Дебют АГ у женщин нередко сопровождается появлением метаболических нарушений, возникающими в период перименопаузы и после ГЭ. Это стало поводом для создания концепций менопаузального МС и постгистерэктомического синдрома.

В целом распространенность МС в России составляет 18—22% среди взрослого населения. В возрастных группах от 20 до 49 лет он чаще выявляется у мужчин, в 50—69 лет распространенность МС практически одинакова у мужчин и женщин, а среди людей >70 лет выше у женщин [30]. Однако немаловажно, что наличие у женщин метаболических нарушений имеет большее значение для развития ССО, чем у мужчин. Так, у женщин с СД риск развития ССО увеличивается в 5 раз, в то время как у мужчин — в 2—3 раза. Риск смерти от ишемической болезни сердца у женщин с СД на 50% выше, чем у мужчин сопоставимой группы [31]. По данным Фрамингемского исследования, гипергликемия натощак ассоциировалась с увеличением риска развития ССЗ у женщин, но не у мужчин [32]. В исследовании EUROASPIRE распространенность МС в зависимости от используемых критериев у женщин колебалась от 56 до 72%, а у мужчин — от 40 до 59%. По данным этого же исследования, распространенность ожирения у женщин выше, а уровни холестерина (ХС) липопротеидов высокой плотности (ЛПВП) — ниже. Кроме того, для женщин более характерно повышение с возрастом уровней ХС липопротеидов низкой плотности (ЛПНП) и липопротеида(а) [33], что даже при нормальных концентрациях ХС ЛПВП приводит к выраженному увеличению индекса атерогенности.

Имеются половые особенности и других ФР. Так, распространенность табакокурения среди женщин значительно ниже. Однако при одинаковой интенсивности курение ухудшает прогноз у женщин в большей степени, чем у мужчин.

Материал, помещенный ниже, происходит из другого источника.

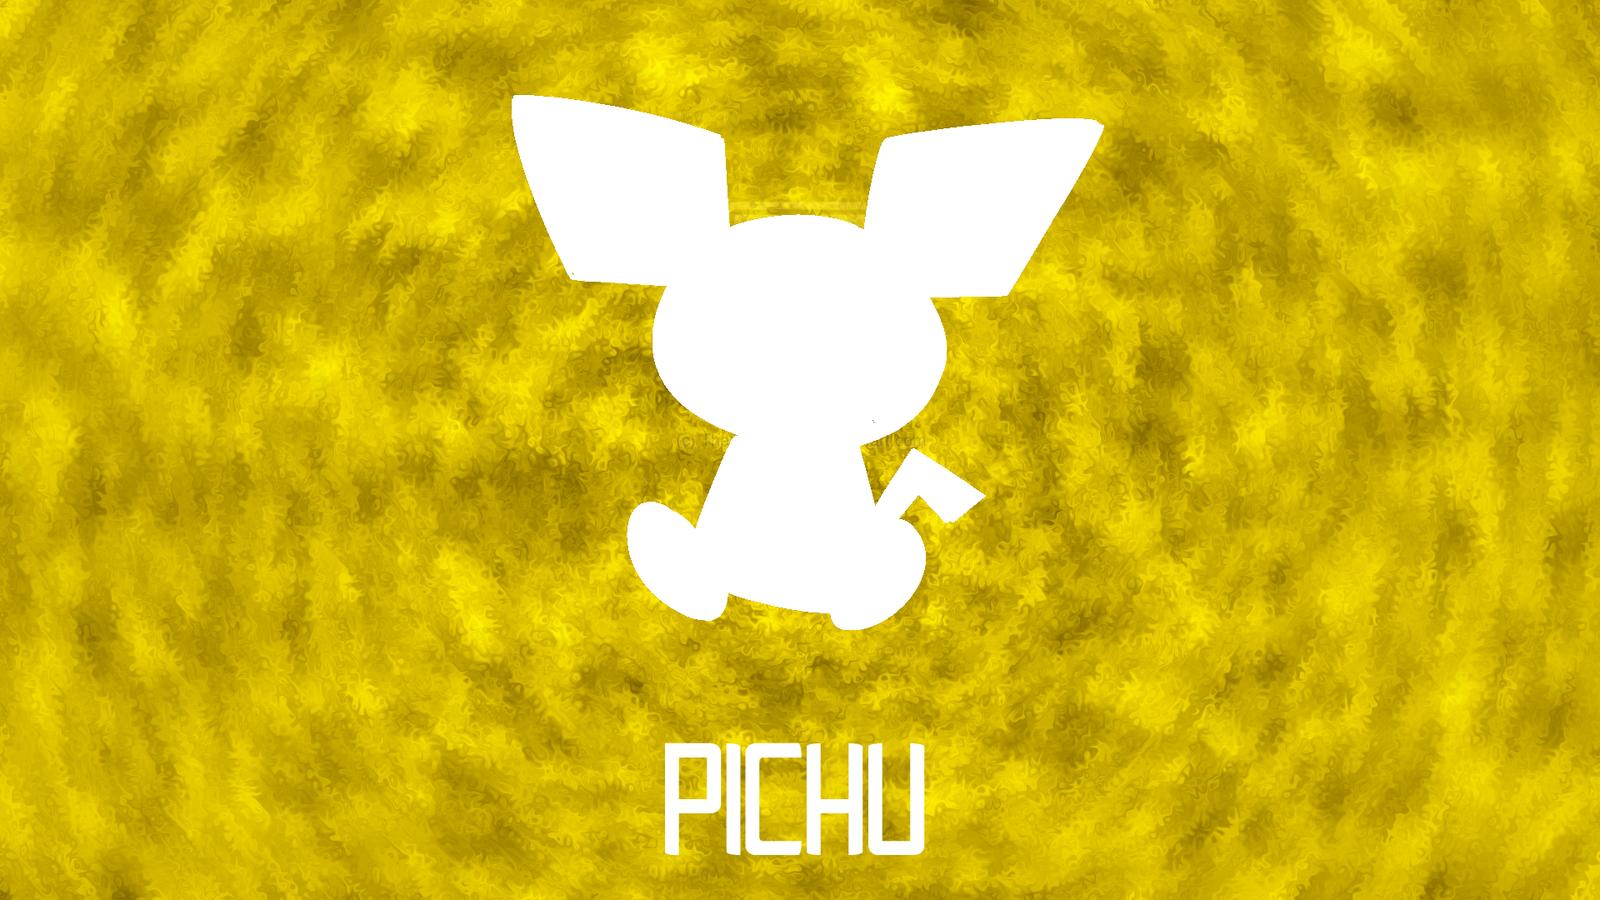 Pichu Wallpaper for Pinterest 1600x900

Аналогично алкоголь оказывает более пагубное влияние на здоровье женщин и риск развития ССО [34]. Это находит отражение в современных руководствах по профилактике ССЗ, в которых рекомендуемая доза алкоголя для женщин в 2 раза меньше, чем для мужчин [35].

Раннему и быстрому развитию поражений органов-мишеней способствуют и особенности сердечно-сосудистой системы (ССС), которые заключаются в меньшем диаметре аорты, меньшей протяженности сосудистого русла, но при этом более высоким уровнем общего периферического сосудистого сопротивления (ОПСС) и жесткости сосудистой стенки, в меньших размерах сердца, но более высокой фракции выброса (ФВ). В сочетании с большей частотой сопутствующих метаболических ФР (ожирения, дислипидемии, инсулинорезистентности) у женщин это приводит к более быстрому развитию поражения органов-мишеней и ССО. Для АГ у женщин характерно формирование в перименопаузе гиперкинетического типа гемодинамики, который в последующем сменяется гипокинетическим типом [36], что проявляется постепенным ростом ОПСС, повышением чувствительности к хлориду натрия и склонностью к отечному синдрому [21]. Известно, что независимо от наличия или отсутствия АГ размер сердца, ИММ ЛЖ и толщина стенок камер сердца у женщин меньше, чем у мужчин [37]. При этом возникновение АГ у женщин чаще приводит к ГЛЖ [38], преимущественно концентрического типа [39], и диастолической дисфункции миокарда [40]. АГ у женщин имеет большее значение для развития СН, чем у мужчин [41]. Имеются данные о том, что давление в ЛЖ и ФВ у женщин намного выше, чем у мужчин [42], в связи с чем у женщин чаще развивается СН с сохраненной ФВ, чему способствуют и высокая распространенность у женщин компонентов МС [43]. У женщин раньше формируется снижение почечного кровотока и скорости клубочковой фильтрации без предшествующей стадии гиперфильтрации, что наблюдается в мужской популяции [44].

Особенности антигипертензивной терапии (АГТ) женщин. Согласно результатам исследования NHANES (National Health and Nutrition Examination Survey), у женщин на фоне АГТ реже достигаются целевые уровни АД: у 48% женщин по сравнению с 60% мужчин [45]. Особенно трудно достичь снижения АД у женщин пожилого возраста [46]. Данные Российского регистра РЕГАТА-ПРИМА свидетельствуют и о более высокой частоте резистентной и неконтролируемой АГ у женщин (54% по сравнению с 46% у мужчин) [47].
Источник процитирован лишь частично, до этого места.